---- GIVEN DATA

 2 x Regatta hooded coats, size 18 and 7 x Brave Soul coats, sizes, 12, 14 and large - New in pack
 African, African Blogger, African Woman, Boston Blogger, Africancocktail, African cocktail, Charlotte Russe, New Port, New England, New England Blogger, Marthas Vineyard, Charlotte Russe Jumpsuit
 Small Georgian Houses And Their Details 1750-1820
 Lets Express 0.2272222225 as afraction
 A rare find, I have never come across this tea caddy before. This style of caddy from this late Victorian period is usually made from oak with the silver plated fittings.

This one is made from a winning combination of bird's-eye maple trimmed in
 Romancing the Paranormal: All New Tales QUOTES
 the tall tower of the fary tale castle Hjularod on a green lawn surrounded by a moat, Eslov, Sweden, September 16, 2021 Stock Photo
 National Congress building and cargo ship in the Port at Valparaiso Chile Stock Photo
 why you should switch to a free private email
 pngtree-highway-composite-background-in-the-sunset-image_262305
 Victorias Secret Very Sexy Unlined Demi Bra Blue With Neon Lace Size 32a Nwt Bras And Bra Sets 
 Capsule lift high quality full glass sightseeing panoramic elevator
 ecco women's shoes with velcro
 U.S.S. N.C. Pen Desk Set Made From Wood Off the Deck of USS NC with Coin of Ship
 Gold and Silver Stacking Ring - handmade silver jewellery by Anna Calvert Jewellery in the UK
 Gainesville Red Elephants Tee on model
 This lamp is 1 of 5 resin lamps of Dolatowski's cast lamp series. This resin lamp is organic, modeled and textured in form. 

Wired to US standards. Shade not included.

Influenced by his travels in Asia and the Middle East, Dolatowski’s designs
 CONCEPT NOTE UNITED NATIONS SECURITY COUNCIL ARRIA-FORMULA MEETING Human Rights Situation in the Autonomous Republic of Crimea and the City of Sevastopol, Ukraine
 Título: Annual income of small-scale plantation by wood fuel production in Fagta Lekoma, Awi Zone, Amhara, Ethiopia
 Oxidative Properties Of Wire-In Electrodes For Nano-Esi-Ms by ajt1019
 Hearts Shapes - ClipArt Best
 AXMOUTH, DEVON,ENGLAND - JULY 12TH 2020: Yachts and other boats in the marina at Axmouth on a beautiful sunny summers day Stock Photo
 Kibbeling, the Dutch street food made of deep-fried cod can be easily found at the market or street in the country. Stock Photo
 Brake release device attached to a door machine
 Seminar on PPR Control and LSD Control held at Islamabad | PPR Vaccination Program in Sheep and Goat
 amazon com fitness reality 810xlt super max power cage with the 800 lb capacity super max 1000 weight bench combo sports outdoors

--------

ACTION ITEM: Print, without alteration, only the lines above between the one holding "CONCEPT NOTE UNITED" and the one holding "AXMOUTH, DEVON,ENGLAND - JULY", inclusive.

EXERCISE ANSWER:
 CONCEPT NOTE UNITED NATIONS SECURITY COUNCIL ARRIA-FORMULA MEETING Human Rights Situation in the Autonomous Republic of Crimea and the City of Sevastopol, Ukraine
 Título: Annual income of small-scale plantation by wood fuel production in Fagta Lekoma, Awi Zone, Amhara, Ethiopia
 Oxidative Properties Of Wire-In Electrodes For Nano-Esi-Ms by ajt1019
 Hearts Shapes - ClipArt Best
 AXMOUTH, DEVON,ENGLAND - JULY 12TH 2020: Yachts and other boats in the marina at Axmouth on a beautiful sunny summers day Stock Photo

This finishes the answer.